• Task objective
Search the listing for "Bedroom" and copy every line where it appears.
___
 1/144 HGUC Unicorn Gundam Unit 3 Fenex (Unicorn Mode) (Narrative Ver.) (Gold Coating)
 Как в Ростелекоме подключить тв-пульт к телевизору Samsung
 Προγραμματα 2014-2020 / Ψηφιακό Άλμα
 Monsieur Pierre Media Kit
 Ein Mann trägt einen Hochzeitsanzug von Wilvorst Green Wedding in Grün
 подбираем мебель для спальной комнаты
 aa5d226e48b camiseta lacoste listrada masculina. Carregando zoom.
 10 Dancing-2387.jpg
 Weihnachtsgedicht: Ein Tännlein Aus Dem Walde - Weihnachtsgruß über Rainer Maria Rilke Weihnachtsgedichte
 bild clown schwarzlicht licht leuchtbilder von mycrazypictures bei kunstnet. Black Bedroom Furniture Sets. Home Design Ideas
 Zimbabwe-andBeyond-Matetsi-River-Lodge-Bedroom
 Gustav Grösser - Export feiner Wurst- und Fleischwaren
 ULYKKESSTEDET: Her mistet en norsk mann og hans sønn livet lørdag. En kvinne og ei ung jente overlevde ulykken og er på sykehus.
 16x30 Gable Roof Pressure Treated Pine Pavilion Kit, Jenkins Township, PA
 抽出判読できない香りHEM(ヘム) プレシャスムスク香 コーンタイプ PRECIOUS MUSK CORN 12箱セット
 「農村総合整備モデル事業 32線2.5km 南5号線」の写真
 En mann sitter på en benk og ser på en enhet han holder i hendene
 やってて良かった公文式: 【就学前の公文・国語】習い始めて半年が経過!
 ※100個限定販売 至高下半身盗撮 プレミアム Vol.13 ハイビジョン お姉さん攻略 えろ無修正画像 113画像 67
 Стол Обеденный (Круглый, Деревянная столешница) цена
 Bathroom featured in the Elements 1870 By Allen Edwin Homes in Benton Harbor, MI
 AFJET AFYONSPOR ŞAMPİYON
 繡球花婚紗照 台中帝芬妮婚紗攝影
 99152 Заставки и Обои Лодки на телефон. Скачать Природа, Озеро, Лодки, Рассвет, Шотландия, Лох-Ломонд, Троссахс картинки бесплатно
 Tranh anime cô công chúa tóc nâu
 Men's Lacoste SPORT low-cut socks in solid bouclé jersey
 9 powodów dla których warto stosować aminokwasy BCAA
___
• Response area
 bild clown schwarzlicht licht leuchtbilder von mycrazypictures bei kunstnet. Black Bedroom Furniture Sets. Home Design Ideas
 Zimbabwe-andBeyond-Matetsi-River-Lodge-Bedroom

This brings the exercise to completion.